Are those really tools for WC or just components of an easily detachable Watercooler for the bring-up kit? I don't know.
Somebody posted zauba shipping manifest in SA forums, which seem to be the best leaks currently, for an unnamed nvidia chip having price like 2.5x of Fiji samples. Way back in August-September so probably related to a june tapeout?

More interesting for me was that Polaris got demoed to press at Sonoma in early december in similar fashion as at CES,

AMD showed off functional Polaris silicon with multiple working devices in early December. It wasn’t rough, it wasn’t a static demo, it had drivers, cards, and all the things you would expect from non-first silicon. A month later Nvidia did not have silicon and lied to a room of analysts and press about it, and there was no way their CEO would be unaware of such a major milestone at his company.

Would explain why Koduri is so confident of distancing themselves from nvidia's new chip release.
AMD is the one that has to prove to OEM's and system builders they are ready with their products, nV doesn't need to prove themselves as they already have cornered that market.

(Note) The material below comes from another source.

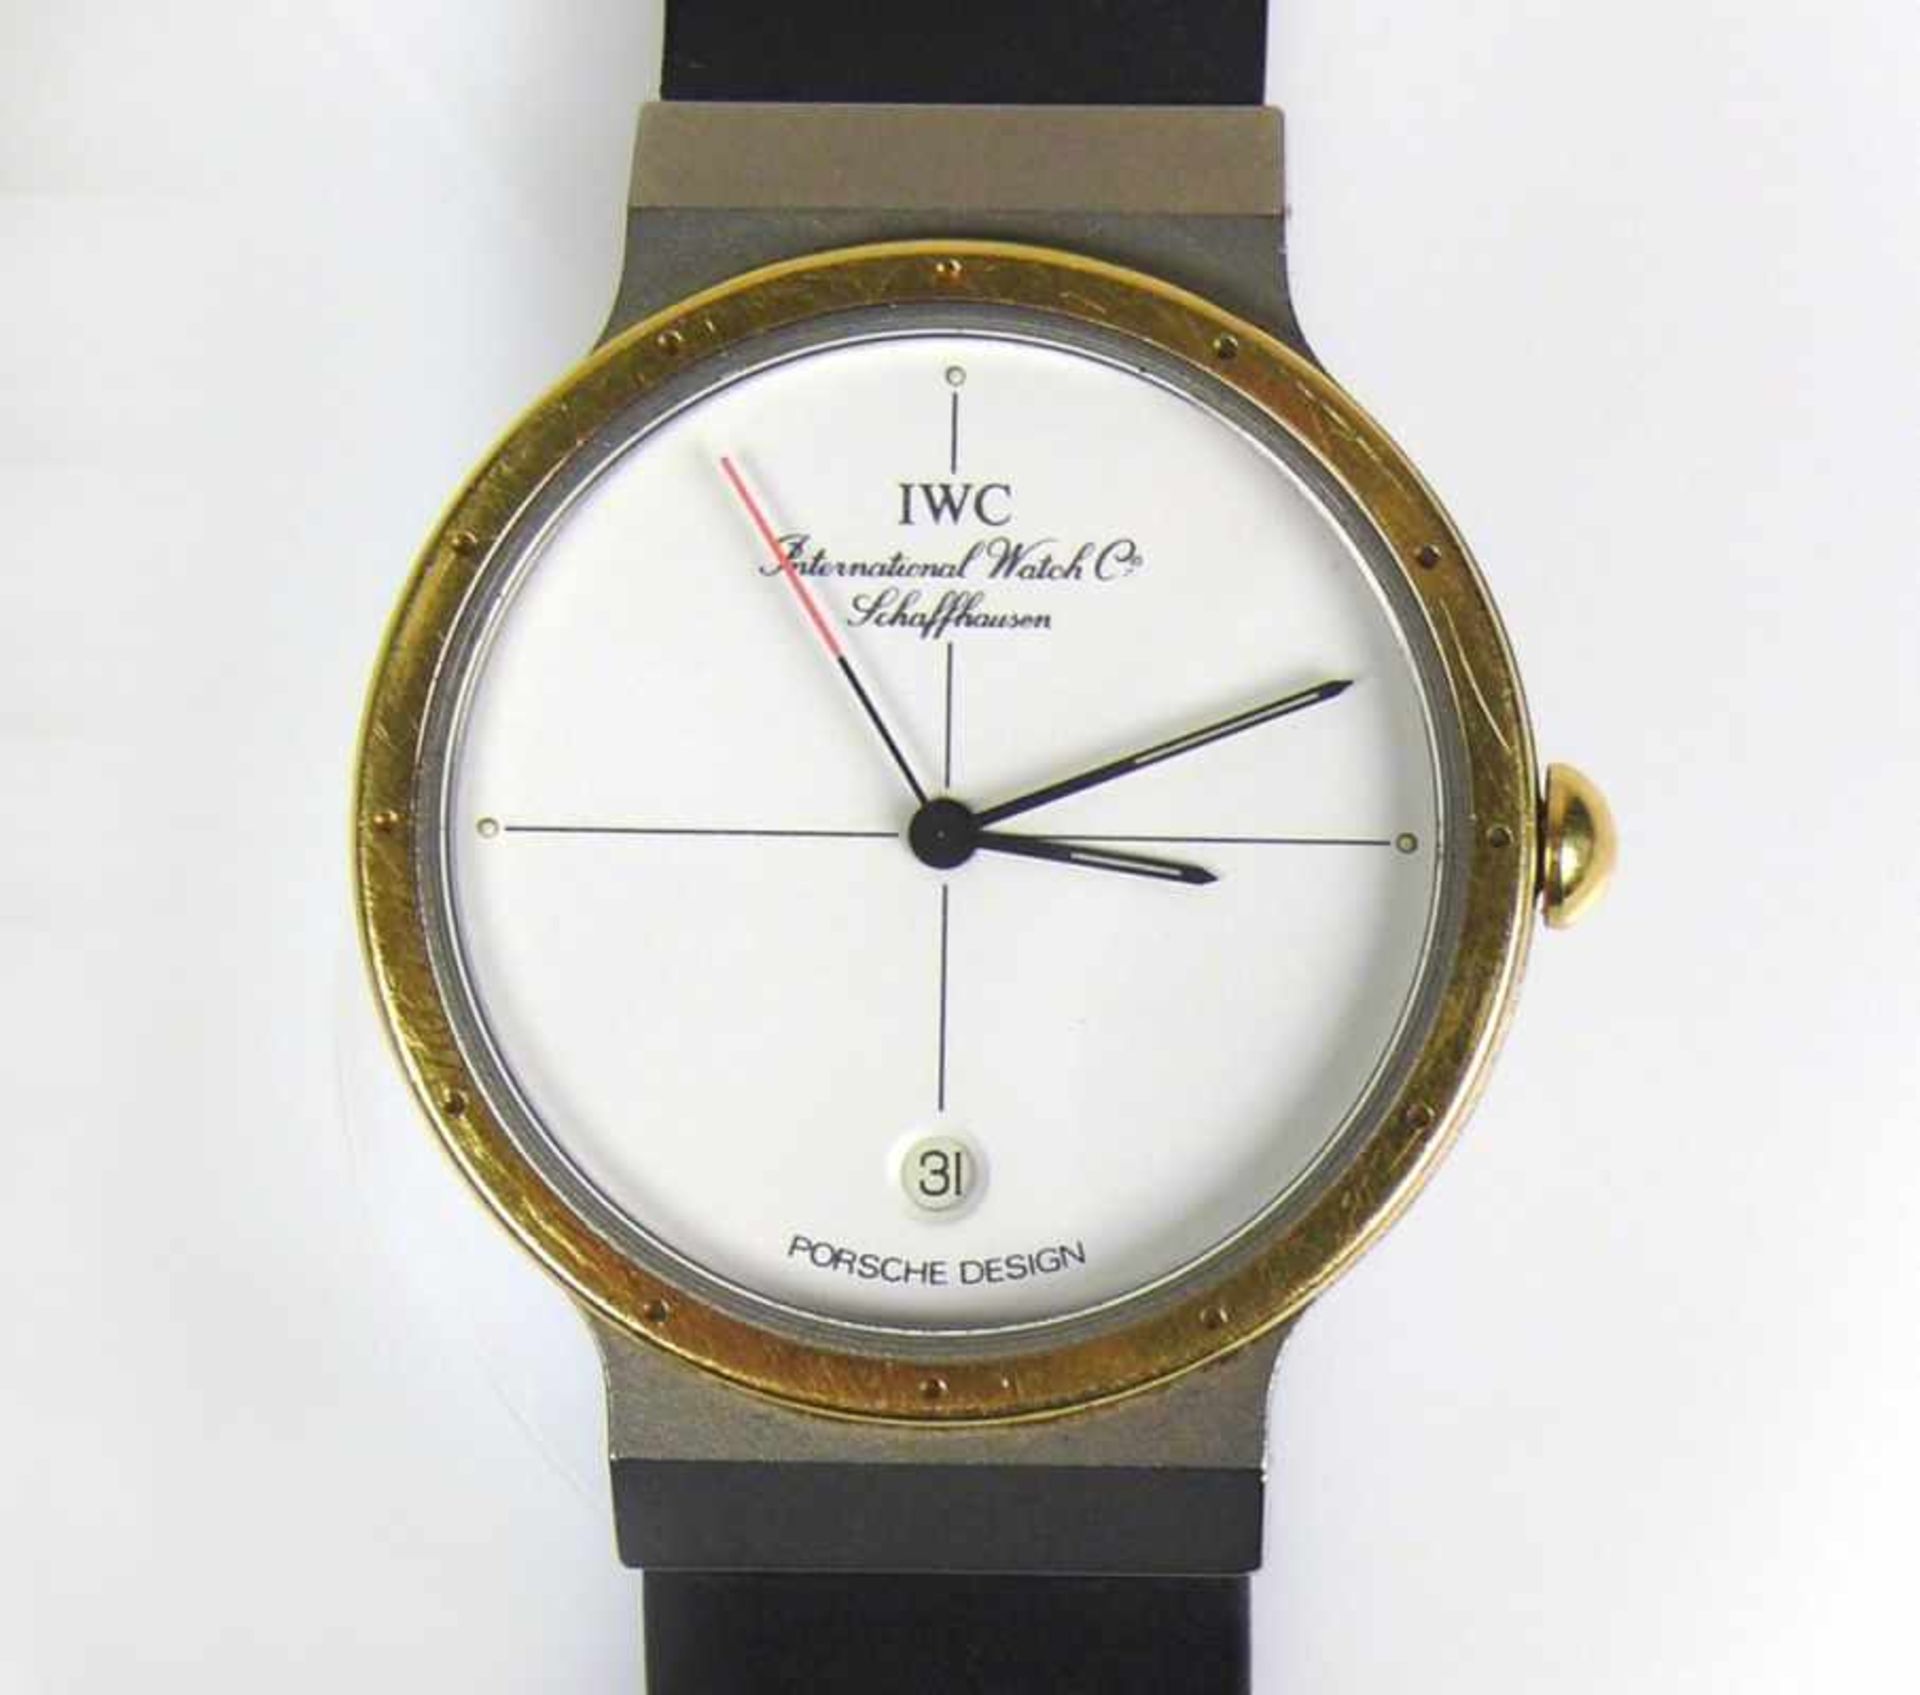 IWC-Armbanduhr PORSCHE DESIGN; Datumanzeige, Zentralsekunde; Stahl/Gold; D: Gehäuse 32 mm;
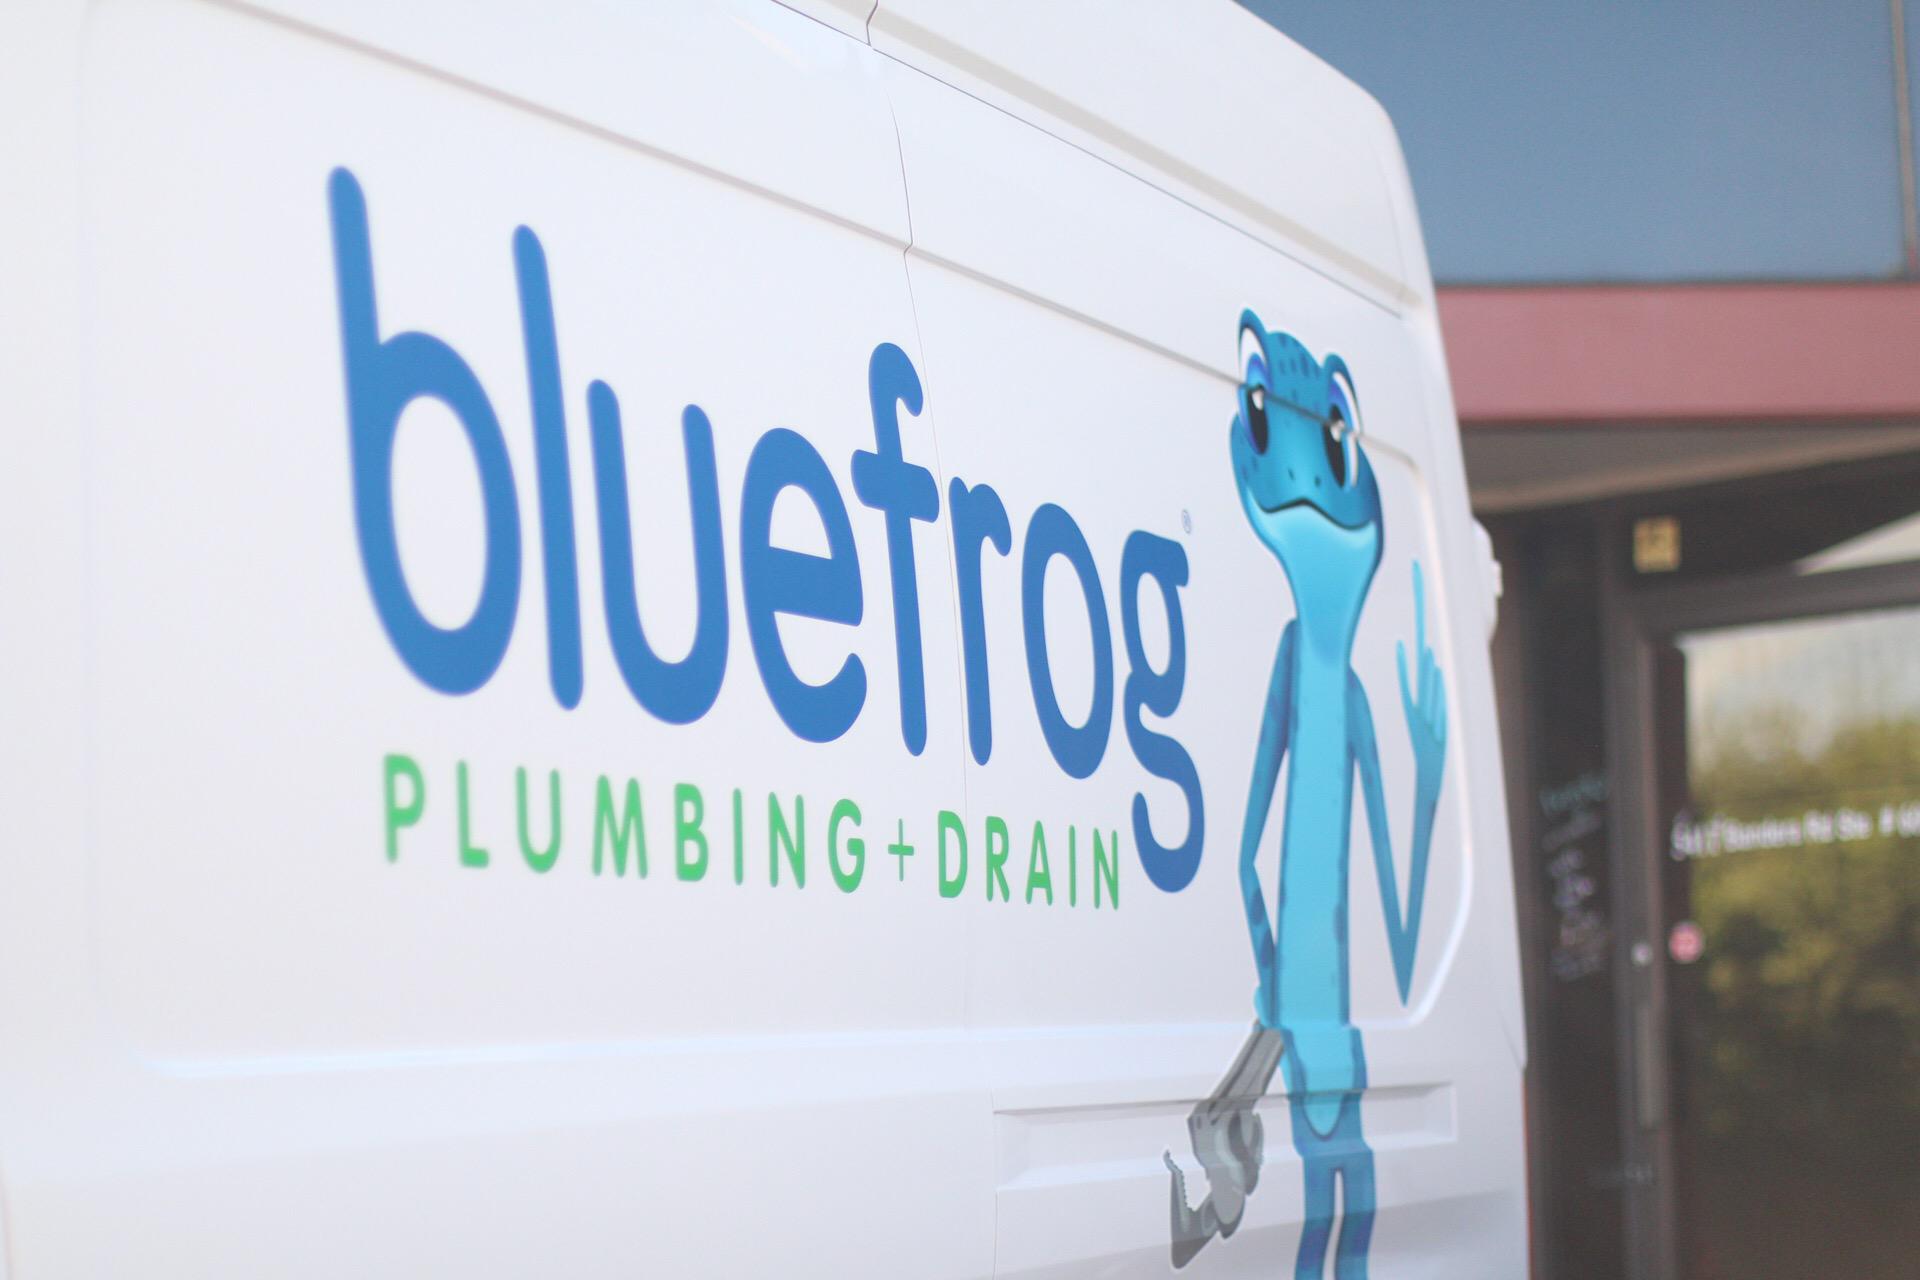 The bluefrog Plumbing + Drain logo on one of the plumbing service fleet vehicles.

As nV has done so many times as did AMD/ATi when they have well selling products in the OEM markets, then tend to slowly introduce new top ends to OEM's and system builders (this is because OEM's have already a certain amount inventory obligations based on contracts), where the focus on first time adopters through general consumers first. This also helps when or if initial yields are low.....
At least AMD has shown only a to-be mobile part, thus not hurting their partners' channel inventory. Nvidia OTOH would probably hurt current sales much more if they already showed working silicon.
Apologized for that and thread cleaned. And I didn't tried to start a war, even a petty one, but to provoke (by being... provocative) a response from a specific forum member (still hoping for that)... Instead of that I saw other people, people that I respect greatly, offseted by my comment and I realized something went wrong...
Hello everyone.
First, I do not speak English well. I hope you understand.

This is what I found.
2016-02-09 17;40;05.jpg
699-2H403 - ?
699-12914 -
699-1G411 - GM204 variant ?
699-1H400 - GP104 ?

Background Information
PG401 - GM204 Reference Card (GTX980), 699-1G401
PG600 - GM200 Reference Card, 699-1G600
PG301 - GM206 Reference Card (Maybe), 699-1G301

I think everyone knows this.
2016-02-09 17;57;47.jpg
26-Oct-2015 85423100 GRAPHICS PROCESSOR INTEGRATED CIRCUITS 3R08A South Korea Banglore Air Cargo NOS 10 89,950 8,995 - This is Unique

Please delete this article if this is the problem.
Earlier this week I found some NVIDIA presentations that contained details that I have not seen before (or I don't remember).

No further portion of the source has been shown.